Это прозвучало так жалобно, что я отступился. Но затем она высунула язык, чтобы облизать губы, и должно быть, вкус ей понравился. Она открыла рот, и я положил туда мясо. Она долго и усердно жевала его, делая страшное лицо в попытке проглотить.
— Если хочешь еще, тебе лучше сесть, — сказал я.
Она перевернулась на бок и приподнялась на локте, а другой рукой придерживала одеяло, прикрывая грудь. Вид у нее был весьма плачевный. Плечи и неприкрытая часть груди были гладкими и сливочно-белыми, однако ремень Уиттла оставил на них лиловые, почти черные синяки, рубцы и полосы с потеками засохшей крови. Шея у нее была нещадно ободрана петлей. Она покраснела и сочилась кровью.
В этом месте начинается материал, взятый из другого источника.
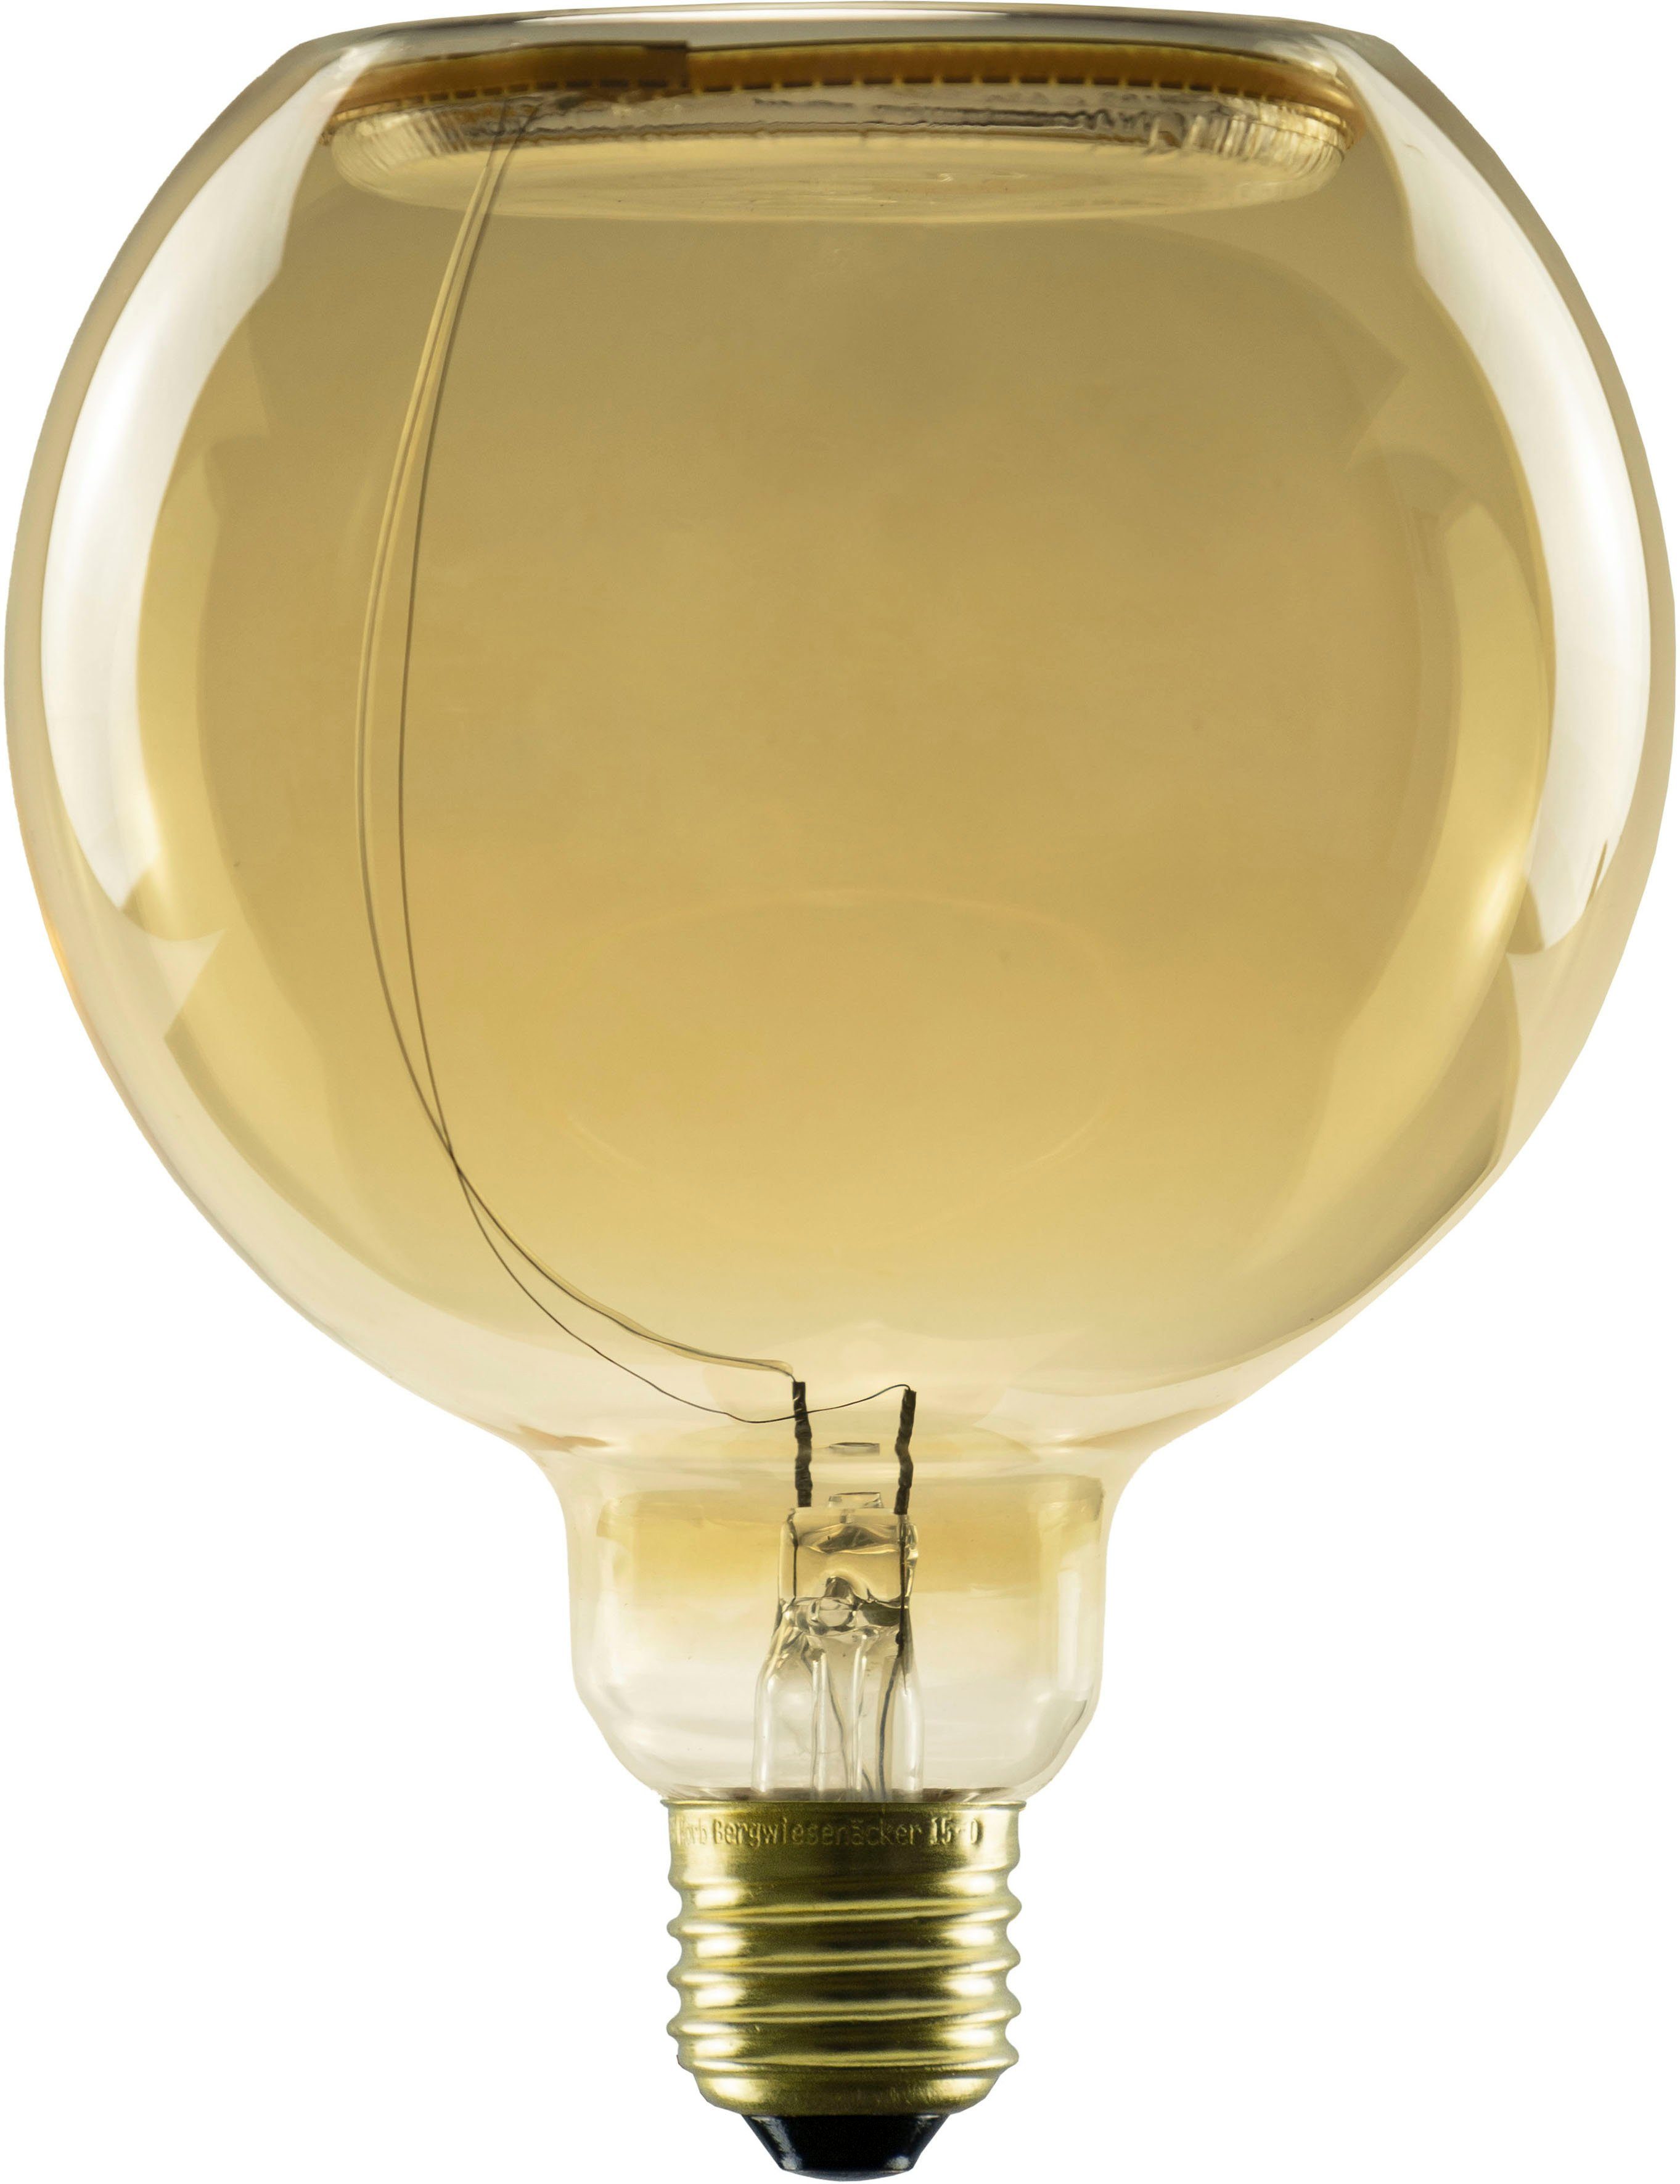 SEGULA LED-Leuchtmittel LED Floating Globe 125 gold, E27, 1 St., Extra-Warmweiß,  LED Floating Globe 125 gold, E27, 4W, CRI 90, dimmbar, Aussenbereich

Колени мои выглядели примерно также, совсем как прошлым летом, когда в погоне за Типпером Биксли по Мэрлибон-Хай-Стрит я навернулся и жестоко разодрал их. Они потом покрылись коркой, которая сошла только к началу учебного года.
Запястья Труди тоже были натерты и в синяках, хоть и не так сильно, как шея.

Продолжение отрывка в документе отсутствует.